Ученый задумался. Доводы Слонима не лишены были интереса. Быков, перевидавший на своем веку несчетное количество четвероногих, сам не раз убеждался, что собаки, которые стремительно бросаются на пищу, выделяют меньше слюны, чем их более пассивные собратья.

— Не расскажете ли вы нам, Абрам Данилович, куда девается у собаки охотничий рефлекс с его задерживающим влиянием на слюнную железу?

Это был трудный вопрос, но будем справедливы: в душе ученый желал помощнику удачи.

— Рефлекс устранился путем искусственного отбора. На протяжении тысячелетий человек искоренял хищные склонности собаки. Непокорные натуры, упрямые преследователи домашних птиц и животных, уничтожались. Кошек, наоборот, отбирали для охоты за грызунами и тем сохранили их хищные свойства. Охотничий рефлекс у щенят — один из задатков, с которым природа расстается не скоро. То, что некогда было свойством организма, стало ненужным придатком у зародыша и будет еще долго проявляться в каждой новой жизни на короткий срок.

Сомнения ученого были поколеблены, но, строгий ко всему, что имеет притязание стать достоянием науки, он шутливо сказал:

— Не доверяйте кошкам, они коварны. Кошки путаницы, они путают цвета, видят одно, а воспринимают другое… И вообще кошки бывают разные…

Исследования продолжались. В помощники Слоним пригласил себе молодого человека, недавно окончившего медицинский институт. Он был не слишком тверд и не слишком сведущ в науках, но любил хирургию, с которой учитель мирился с трудом. Юноша научился выводить у кошек проток слюнной железы, ловить их на черных лестницах жилых помещений, лазал по чердакам и отстаивал свою добычу от притязаний домохозяек. Высокий, худой, с вдохновенным взором больших черных глаз, он дневал и ночевал в кругу своих пленниц. Работа была не из легких. Физиологи, разделяя нелюбовь Павлова к кошкам, не выводили у них протока слюнной железы, не разработали практики такой операции и не изучали слюноотделения.

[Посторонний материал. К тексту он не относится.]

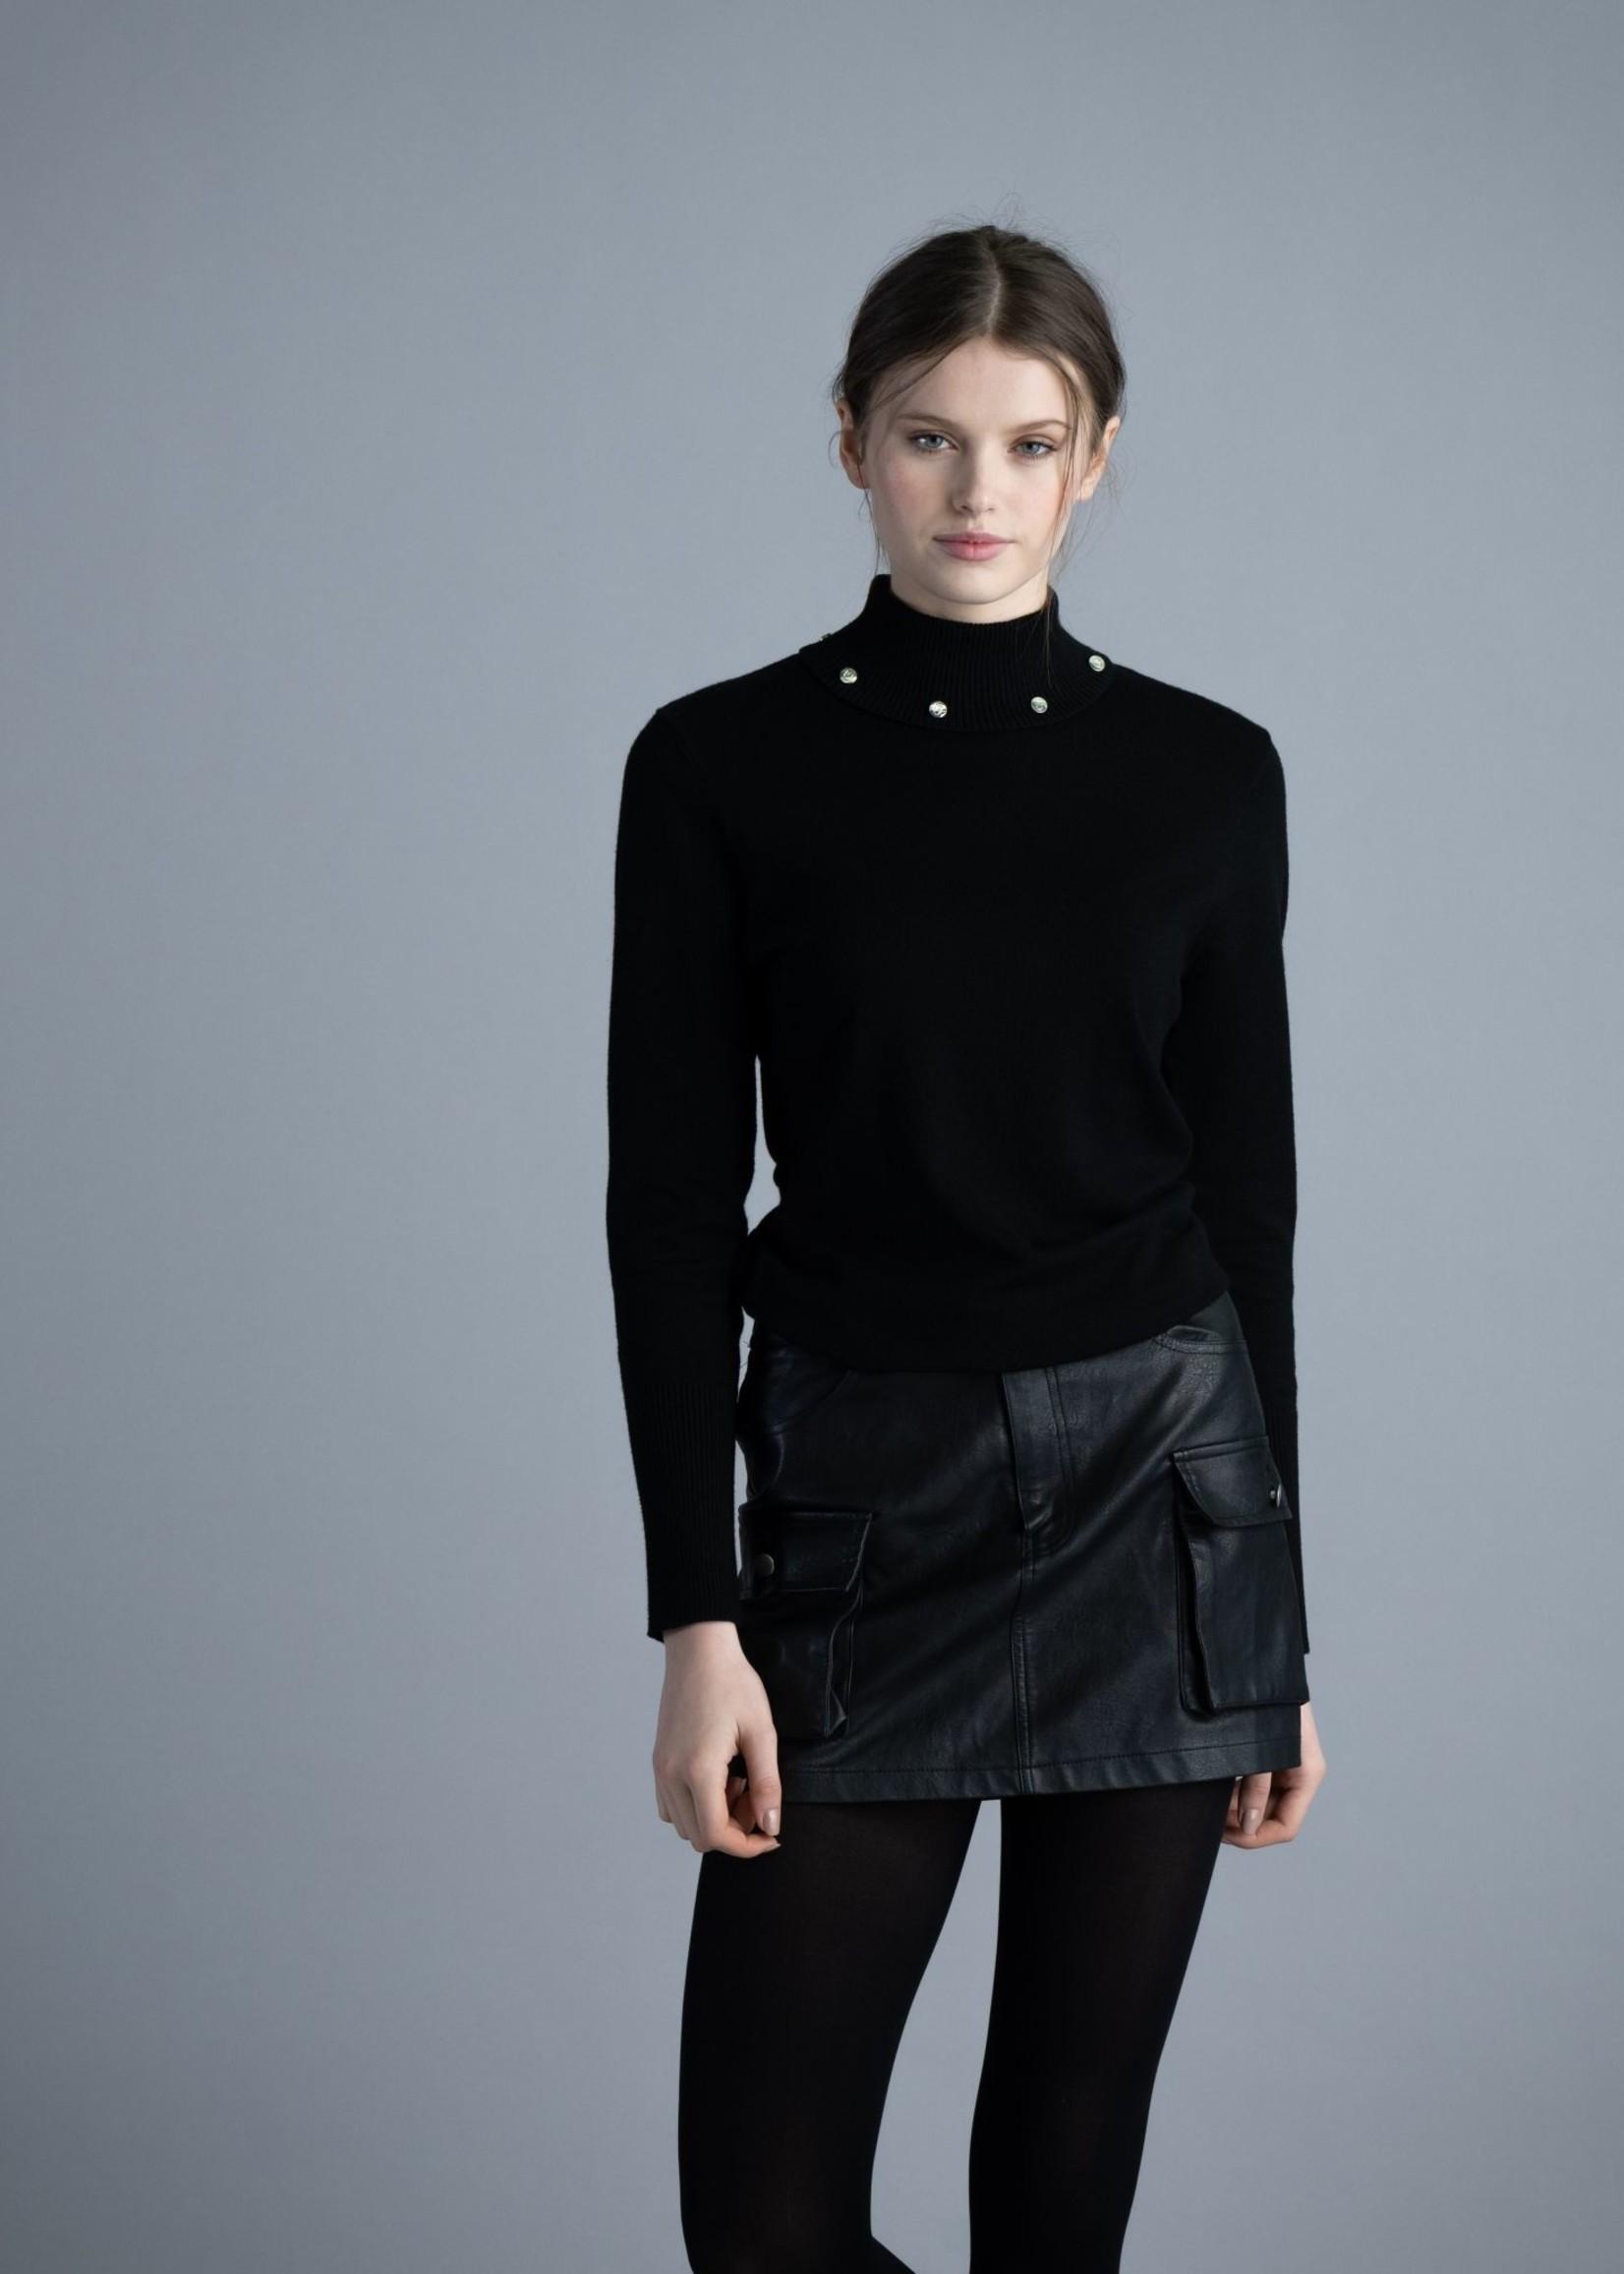 Marble Marble Turtleneck Sweater w/ Collar Details  Black

Однажды Слоним сказал своему молодому помощнику:

— Наши кошки, возможно, потому не роняют слюны, что пища лишена внешних признаков жизни. Не предложить ли им что-нибудь живое, хотя бы живую мышь? Достаньте кошку, прооперируйте ее, и мы этот опыт проделаем.

В лаборатории появился полувзрослый кот — маленькое тощее создание по кличке Подхалим. Студенты выловили его в одном из подъездов и подарили лаборатории. Спустя несколько дней на щеке у животного появилась градуированная склянка, куда по капельке стекала из протока слюна. Слоним предложил коту на выбор молоко, мясо и колбасу и был весьма озадачен результатами — в склянку обильно побежала слюна. Исследователь не верил своим глазам. Он снова и снова ставил перед животным пищу и убеждался, что между откликом железы собаки и подопытного кота никакой разницы нет. Неужели Быков всерьез говорил, что кошки бывают разные?

Опыты продолжались. Перед кошками ставили клетку с белыми мышами, и, пока возбужденные хищницы суетились вокруг ограды, отделяющей их от белых зверьков, изучалось состояние слюнных желез. Как ни странно, слюноотделение у кошек не возросло. Слоним готов был поздравить себя с удачей, торжественно повторить, что физиологические свойства одомашненной собаки нельзя произвольно распространять на хищную кошку, но неожиданно возникло новое затруднение. Во время опытов в лабораторию проскользнул кот Подхалим и приблизился к клетке. Он поглядел на мышей и глубоко безразличный отвернулся. Его железа, столь щедро изливавшая слюну, когда глазам представлялась всякая снедь, сейчас проявляла полнейшую сдержанность.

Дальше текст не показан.